The sliceByte function truncates a string to a specified byte length. It handles ASCII characters, multi-byte characters, and special symbols correctly, ensuring that the output remains valid UTF-8.

Function Signature#

const sliceByte = (text: string, len: number) => string;

Parameters#

text: string: The input string to be truncated.

len: number: The maximum byte length of the truncated string.

Returns#

string: A substring of the original text truncated to fit within the specified byte length.

Example Usage#

Example 1: Slicing ASCII Characters Correctly#

const result = sliceByte('hello world', 5);console.log(result);// Output: 'hello'

Example 2: Slicing Mixed ASCII and Non-ASCII Characters Correctly#

const result = sliceByte('hello世界', 8);console.log(result);// Output: 'hello世' // 'hello' (5 bytes) + '世' (3 bytes)

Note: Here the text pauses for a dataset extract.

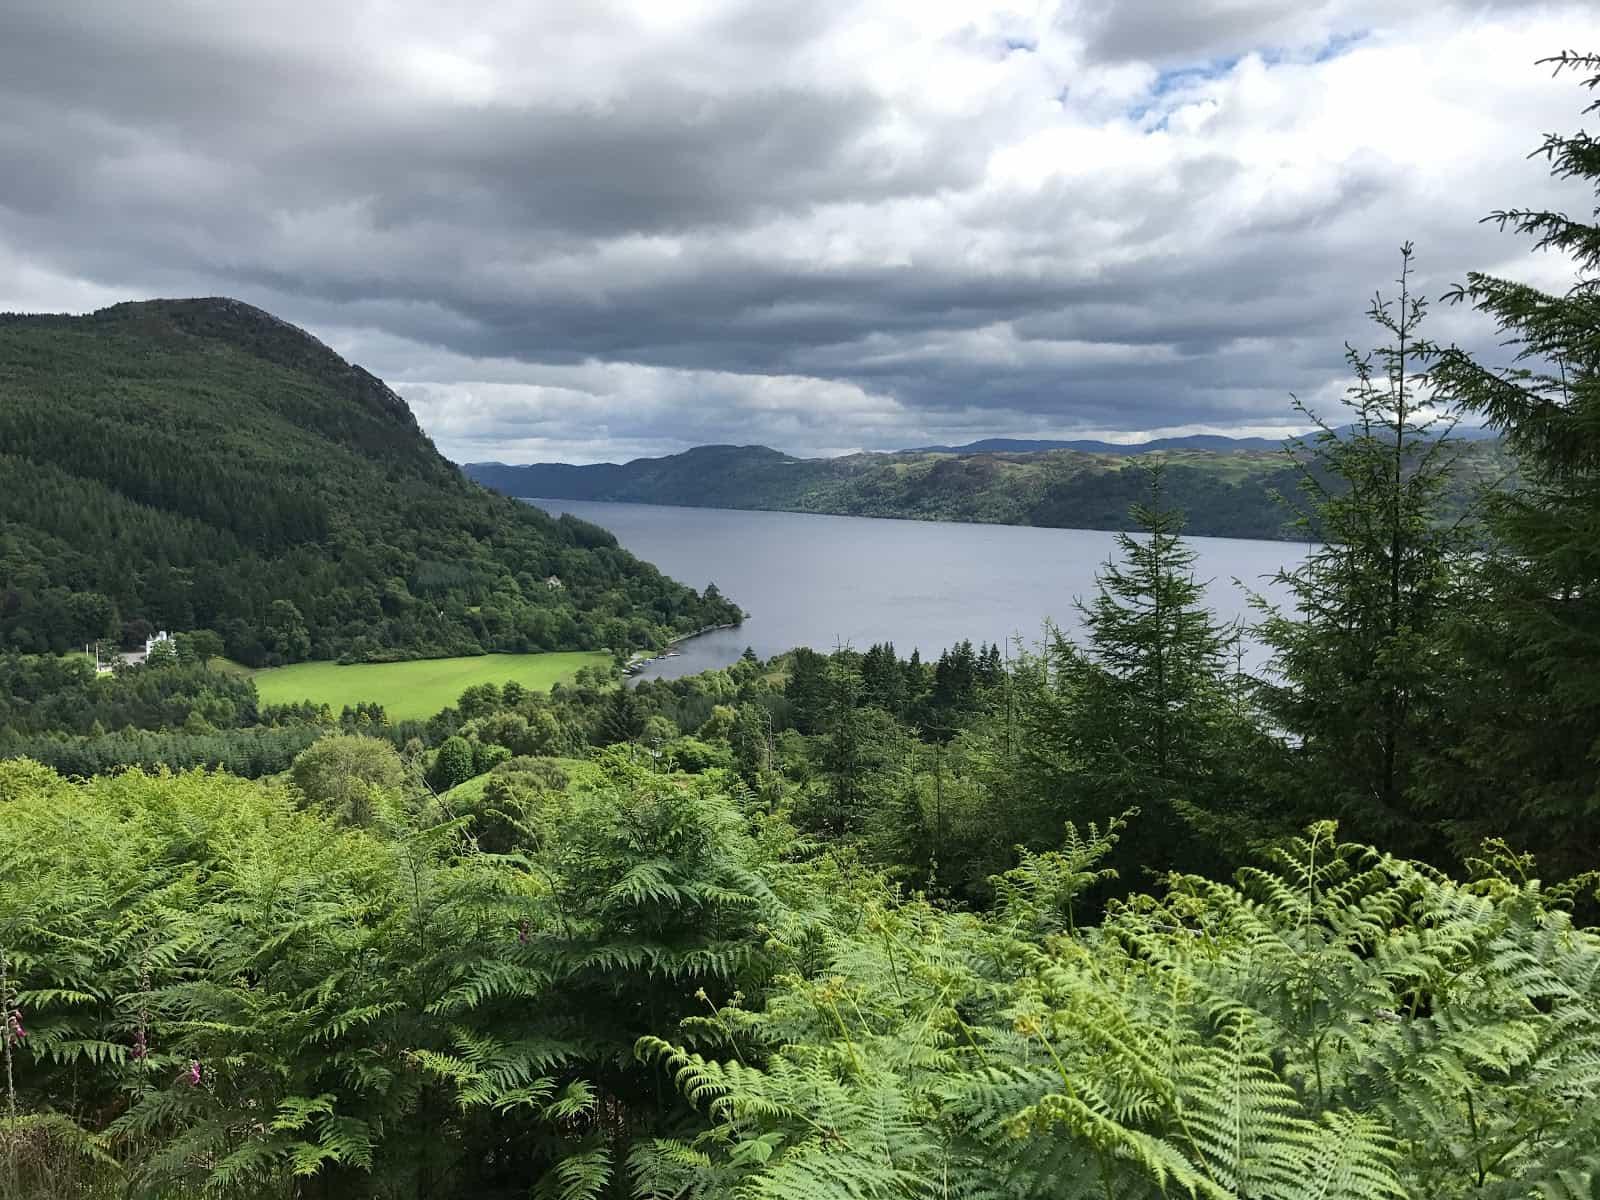 Trail to Invermoriston, Scotland hiking holidays

Example 3: Slicing Non-ASCII Characters Correctly#

const result1 = sliceByte('世界', 3);console.log(result1);// Output: '世' // '世' (3 bytes)
const result2 = sliceByte('世界', 6);console.log(result2);// Output: '' // '世界' (6 bytes)

Example 4: Handling Special Characters Correctly#

const result = sliceByte('hello!@#', 8);console.log(result);// Output: '' // 'hello!@#' (8 bytes, so the function returns an empty string as the length exceeds)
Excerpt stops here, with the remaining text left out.